*Your objective*. Please repeat exactly the lines below from the one containing "Modern Warfare® Weapon" down to the one containing "ウリンスリットと枕木でナチュラルなアプローチ 庭 エクステリア 住宅 外観", both included, and nothing else.

*Data for this task*.
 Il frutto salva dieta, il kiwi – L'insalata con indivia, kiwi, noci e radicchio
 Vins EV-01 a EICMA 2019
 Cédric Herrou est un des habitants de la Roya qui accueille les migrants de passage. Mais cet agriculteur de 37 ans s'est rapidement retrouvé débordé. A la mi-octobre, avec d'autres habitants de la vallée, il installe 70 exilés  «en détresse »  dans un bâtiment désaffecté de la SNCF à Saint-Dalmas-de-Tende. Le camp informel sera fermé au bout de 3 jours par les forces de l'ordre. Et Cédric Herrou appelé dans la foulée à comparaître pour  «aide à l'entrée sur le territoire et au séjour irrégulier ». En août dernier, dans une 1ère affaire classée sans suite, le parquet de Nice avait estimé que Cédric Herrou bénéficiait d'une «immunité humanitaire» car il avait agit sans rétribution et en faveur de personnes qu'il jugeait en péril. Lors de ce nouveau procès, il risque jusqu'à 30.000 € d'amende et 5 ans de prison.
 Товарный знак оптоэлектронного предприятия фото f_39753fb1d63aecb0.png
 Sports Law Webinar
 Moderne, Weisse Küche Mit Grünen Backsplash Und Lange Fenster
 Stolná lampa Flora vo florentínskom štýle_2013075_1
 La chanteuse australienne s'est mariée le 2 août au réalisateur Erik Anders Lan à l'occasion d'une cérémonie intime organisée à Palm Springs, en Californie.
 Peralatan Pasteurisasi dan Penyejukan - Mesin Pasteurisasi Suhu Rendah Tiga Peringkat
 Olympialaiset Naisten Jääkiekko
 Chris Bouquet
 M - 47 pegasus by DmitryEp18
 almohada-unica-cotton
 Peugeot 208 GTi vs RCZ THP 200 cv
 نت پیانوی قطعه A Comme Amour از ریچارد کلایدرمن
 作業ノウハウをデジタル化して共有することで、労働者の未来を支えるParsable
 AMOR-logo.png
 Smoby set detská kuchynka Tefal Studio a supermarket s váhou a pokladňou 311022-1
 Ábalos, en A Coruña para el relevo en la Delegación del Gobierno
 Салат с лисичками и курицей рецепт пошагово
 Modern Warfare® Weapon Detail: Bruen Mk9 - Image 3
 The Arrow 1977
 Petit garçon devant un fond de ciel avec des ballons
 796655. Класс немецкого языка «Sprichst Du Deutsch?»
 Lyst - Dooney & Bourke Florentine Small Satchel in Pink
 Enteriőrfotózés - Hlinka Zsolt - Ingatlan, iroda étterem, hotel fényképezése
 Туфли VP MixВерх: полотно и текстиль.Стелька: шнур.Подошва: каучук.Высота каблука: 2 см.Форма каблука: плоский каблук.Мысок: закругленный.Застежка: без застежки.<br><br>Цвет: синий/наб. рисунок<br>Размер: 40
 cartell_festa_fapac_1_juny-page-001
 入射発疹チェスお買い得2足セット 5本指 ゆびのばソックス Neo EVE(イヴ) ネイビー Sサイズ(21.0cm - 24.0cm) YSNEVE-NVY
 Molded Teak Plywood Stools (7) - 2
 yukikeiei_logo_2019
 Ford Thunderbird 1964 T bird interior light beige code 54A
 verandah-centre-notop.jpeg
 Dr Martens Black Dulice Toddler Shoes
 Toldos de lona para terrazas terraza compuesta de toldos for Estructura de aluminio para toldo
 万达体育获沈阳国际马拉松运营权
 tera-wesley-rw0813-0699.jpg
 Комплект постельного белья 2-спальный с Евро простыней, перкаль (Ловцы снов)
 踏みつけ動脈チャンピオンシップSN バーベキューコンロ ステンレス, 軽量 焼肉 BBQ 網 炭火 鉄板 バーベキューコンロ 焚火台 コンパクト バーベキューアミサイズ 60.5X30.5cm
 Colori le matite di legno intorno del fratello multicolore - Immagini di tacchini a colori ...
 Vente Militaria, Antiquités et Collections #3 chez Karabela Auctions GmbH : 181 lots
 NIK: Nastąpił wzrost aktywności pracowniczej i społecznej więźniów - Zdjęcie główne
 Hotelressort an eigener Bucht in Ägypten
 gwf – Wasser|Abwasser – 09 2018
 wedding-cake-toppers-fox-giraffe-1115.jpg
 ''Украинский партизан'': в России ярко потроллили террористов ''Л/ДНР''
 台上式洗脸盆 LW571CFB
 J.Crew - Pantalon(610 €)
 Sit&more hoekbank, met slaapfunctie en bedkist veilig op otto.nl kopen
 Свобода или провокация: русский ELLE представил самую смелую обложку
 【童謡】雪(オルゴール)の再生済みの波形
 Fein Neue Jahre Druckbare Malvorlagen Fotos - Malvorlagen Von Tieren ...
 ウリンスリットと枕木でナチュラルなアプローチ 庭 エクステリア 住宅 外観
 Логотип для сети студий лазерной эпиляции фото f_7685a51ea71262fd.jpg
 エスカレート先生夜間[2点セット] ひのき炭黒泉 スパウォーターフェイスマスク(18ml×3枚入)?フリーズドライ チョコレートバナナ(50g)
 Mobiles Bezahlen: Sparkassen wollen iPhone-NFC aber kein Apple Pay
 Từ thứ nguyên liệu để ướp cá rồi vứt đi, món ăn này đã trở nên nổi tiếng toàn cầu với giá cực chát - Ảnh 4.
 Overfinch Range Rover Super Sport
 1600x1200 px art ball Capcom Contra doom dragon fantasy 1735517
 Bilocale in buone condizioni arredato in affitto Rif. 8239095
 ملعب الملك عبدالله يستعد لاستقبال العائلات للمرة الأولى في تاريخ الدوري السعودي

*Task solution*.
 Modern Warfare® Weapon Detail: Bruen Mk9 - Image 3
 The Arrow 1977
 Petit garçon devant un fond de ciel avec des ballons
 796655. Класс немецкого языка «Sprichst Du Deutsch?»
 Lyst - Dooney & Bourke Florentine Small Satchel in Pink
 Enteriőrfotózés - Hlinka Zsolt - Ingatlan, iroda étterem, hotel fényképezése
 Туфли VP MixВерх: полотно и текстиль.Стелька: шнур.Подошва: каучук.Высота каблука: 2 см.Форма каблука: плоский каблук.Мысок: закругленный.Застежка: без застежки.<br><br>Цвет: синий/наб. рисунок<br>Размер: 40
 cartell_festa_fapac_1_juny-page-001
 入射発疹チェスお買い得2足セット 5本指 ゆびのばソックス Neo EVE(イヴ) ネイビー Sサイズ(21.0cm - 24.0cm) YSNEVE-NVY
 Molded Teak Plywood Stools (7) - 2
 yukikeiei_logo_2019
 Ford Thunderbird 1964 T bird interior light beige code 54A
 verandah-centre-notop.jpeg
 Dr Martens Black Dulice Toddler Shoes
 Toldos de lona para terrazas terraza compuesta de toldos for Estructura de aluminio para toldo
 万达体育获沈阳国际马拉松运营权
 tera-wesley-rw0813-0699.jpg
 Комплект постельного белья 2-спальный с Евро простыней, перкаль (Ловцы снов)
 踏みつけ動脈チャンピオンシップSN バーベキューコンロ ステンレス, 軽量 焼肉 BBQ 網 炭火 鉄板 バーベキューコンロ 焚火台 コンパクト バーベキューアミサイズ 60.5X30.5cm
 Colori le matite di legno intorno del fratello multicolore - Immagini di tacchini a colori ...
 Vente Militaria, Antiquités et Collections #3 chez Karabela Auctions GmbH : 181 lots
 NIK: Nastąpił wzrost aktywności pracowniczej i społecznej więźniów - Zdjęcie główne
 Hotelressort an eigener Bucht in Ägypten
 gwf – Wasser|Abwasser – 09 2018
 wedding-cake-toppers-fox-giraffe-1115.jpg
 ''Украинский партизан'': в России ярко потроллили террористов ''Л/ДНР''
 台上式洗脸盆 LW571CFB
 J.Crew - Pantalon(610 €)
 Sit&more hoekbank, met slaapfunctie en bedkist veilig op otto.nl kopen
 Свобода или провокация: русский ELLE представил самую смелую обложку
 【童謡】雪(オルゴール)の再生済みの波形
 Fein Neue Jahre Druckbare Malvorlagen Fotos - Malvorlagen Von Tieren ...
 ウリンスリットと枕木でナチュラルなアプローチ 庭 エクステリア 住宅 外観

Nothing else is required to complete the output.